How to complete this task: Pictures found in the material must be left out, and every line returned as written.

Data segment:
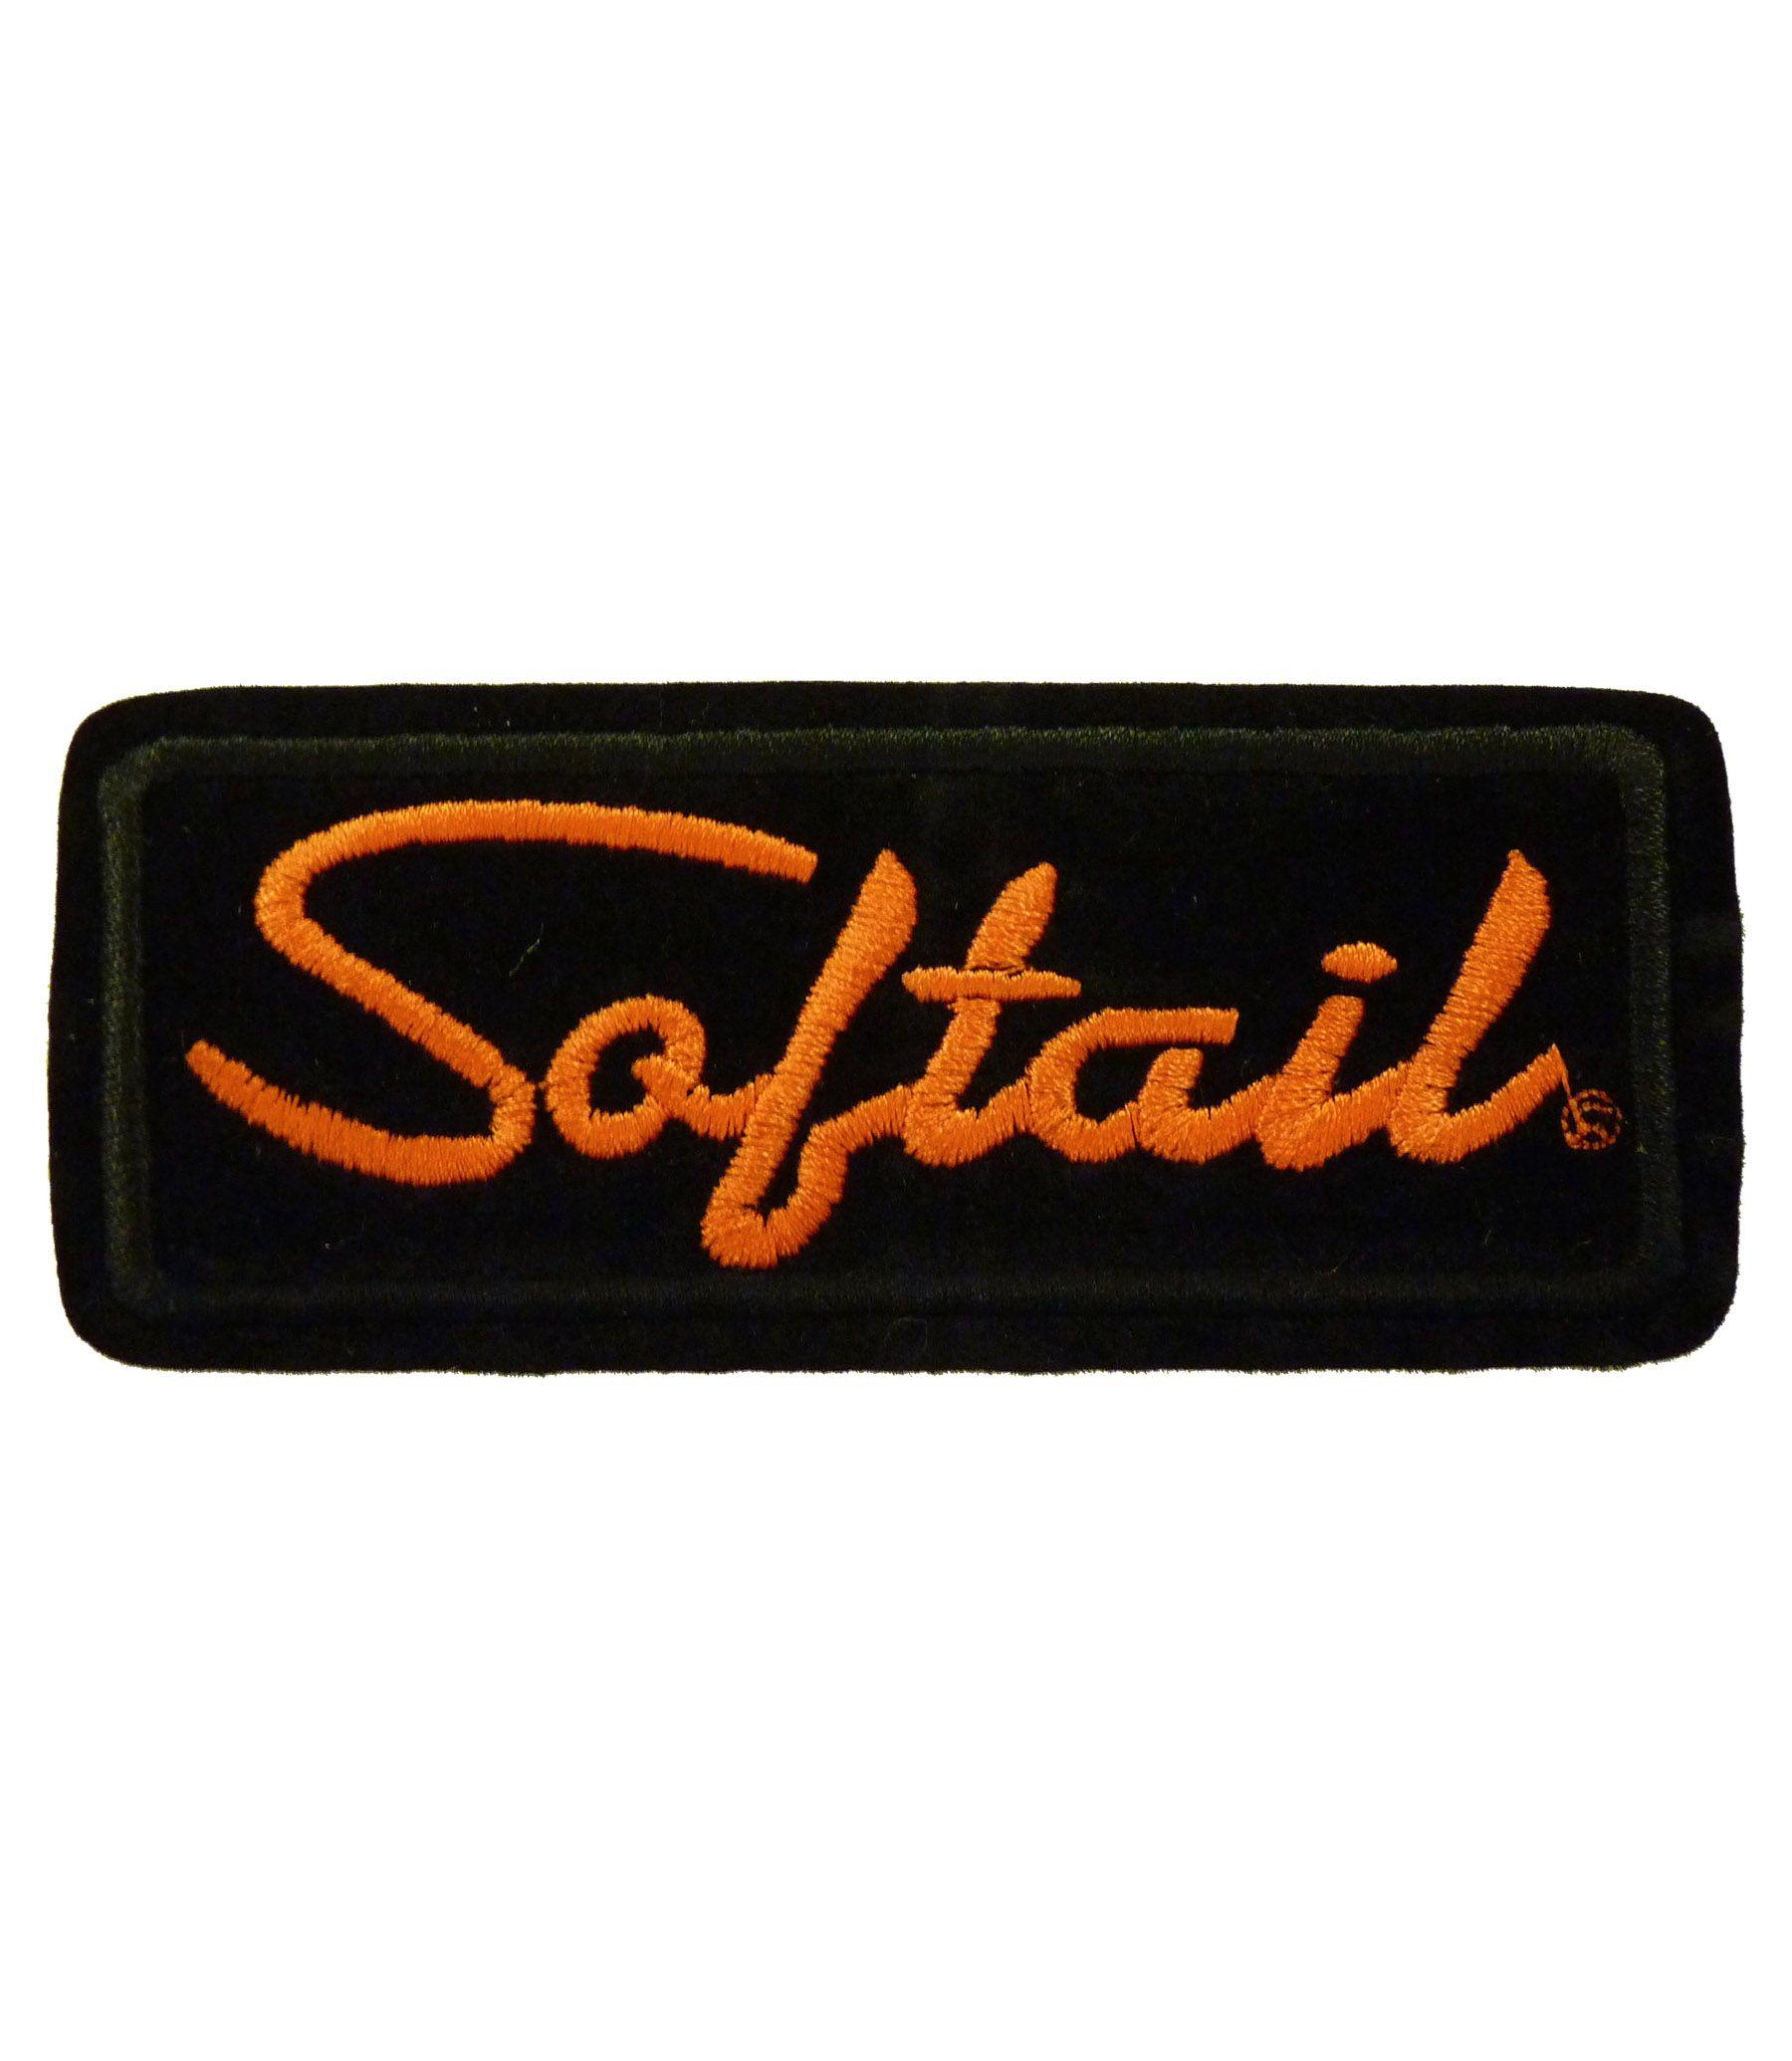 Softail Logo - Harley Davidson Softail Motorcycle Patch, Harley Patches
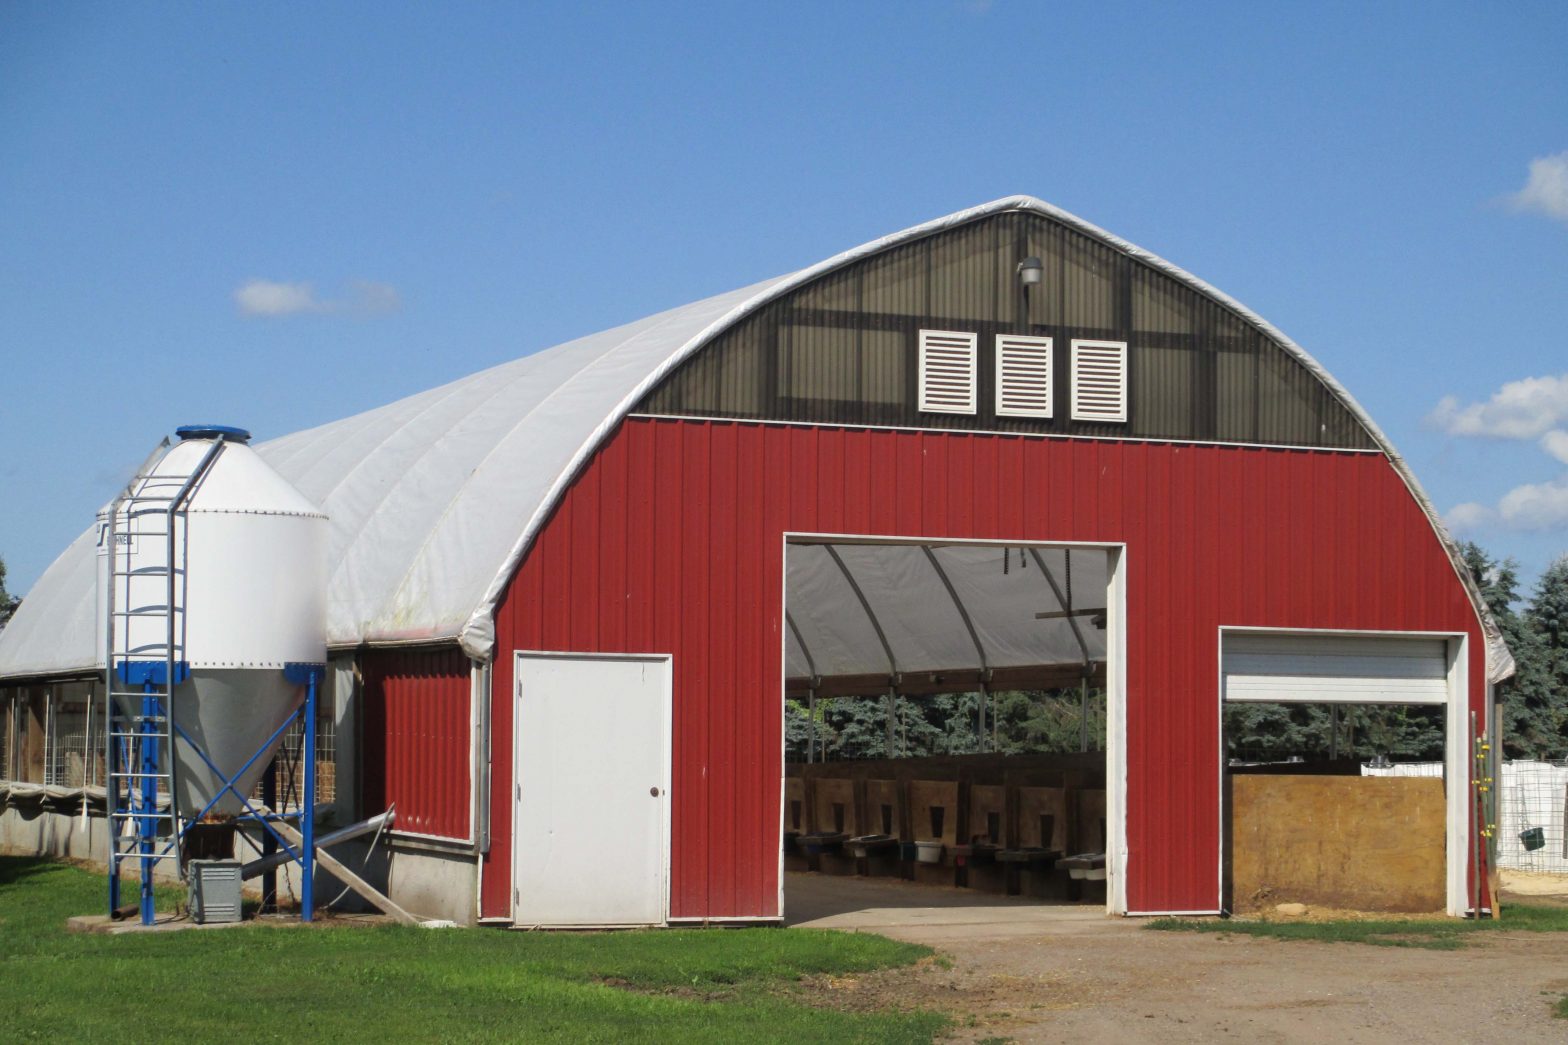 BLT Dairy is a third-generation, 180-cow farm owned and operated by Brad and Laura Friesen in Barron, Wisconsin.
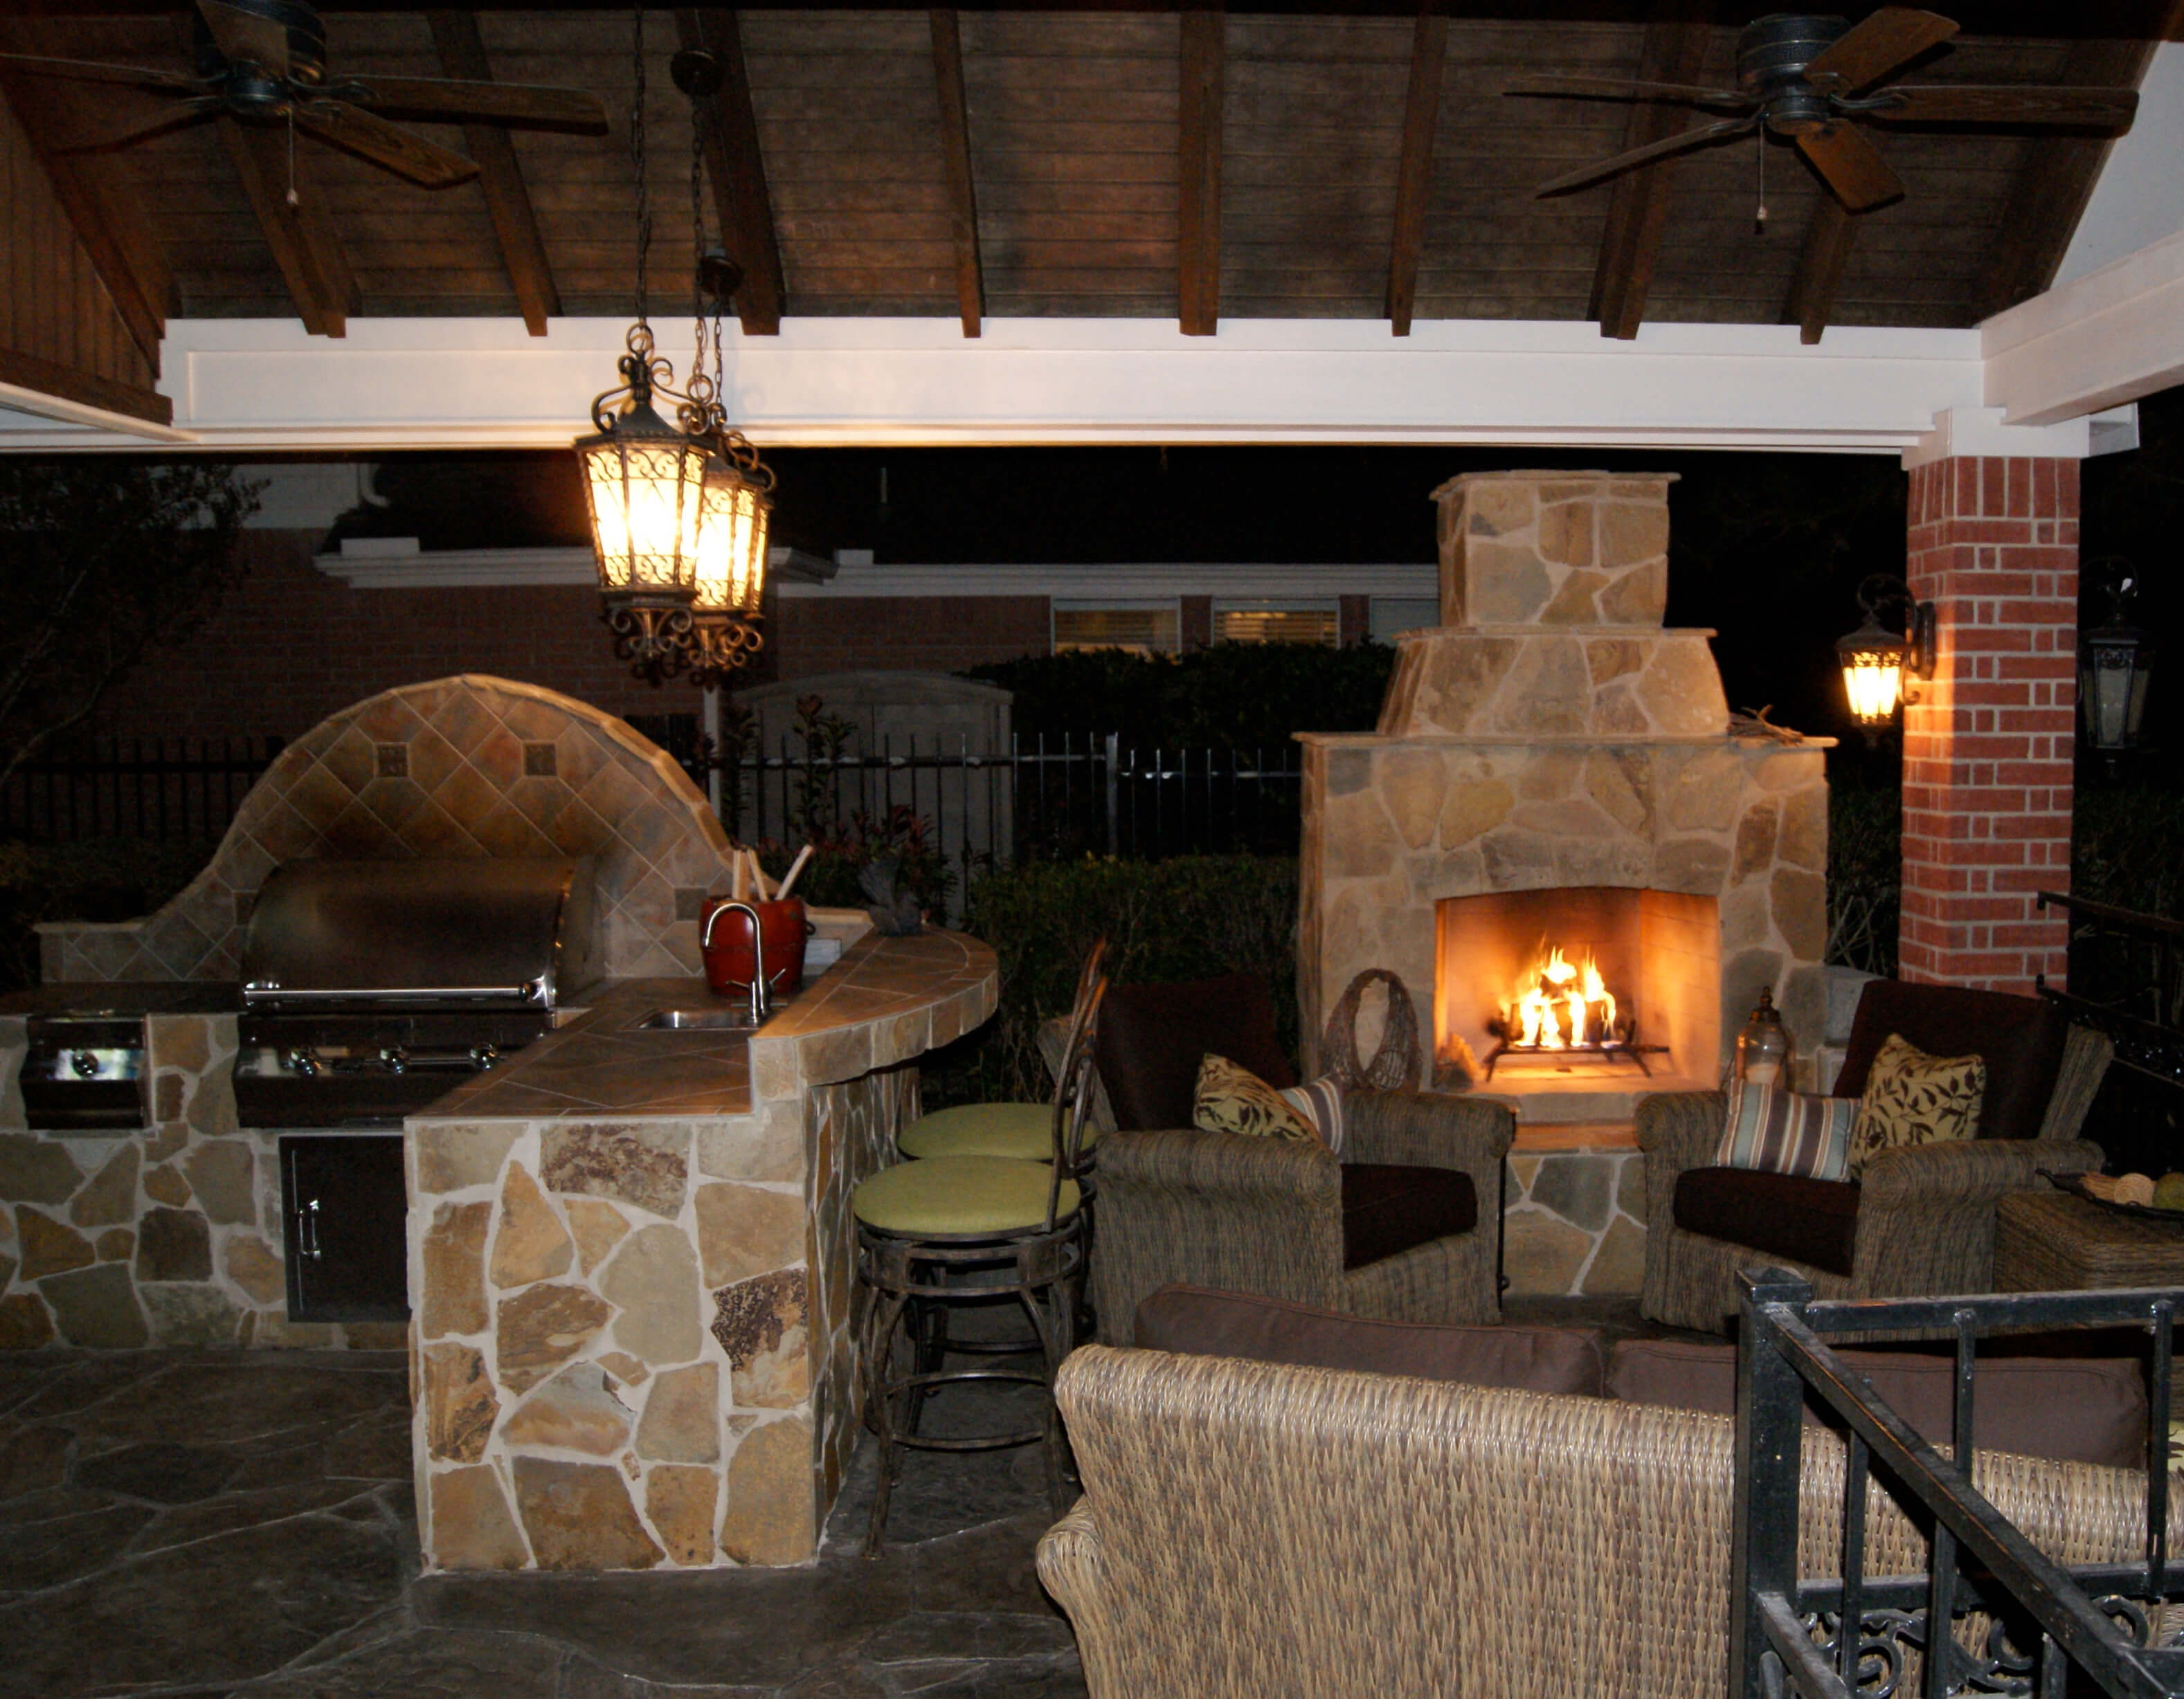 Gable Roof Patio Cover With Outdoor Kitchen & Fireplace - Texas Custom

Solution for this task:
 Softail Logo - Harley Davidson Softail Motorcycle Patch, Harley Patches
 BLT Dairy is a third-generation, 180-cow farm owned and operated by Brad and Laura Friesen in Barron, Wisconsin.
 Gable Roof Patio Cover With Outdoor Kitchen & Fireplace - Texas Custom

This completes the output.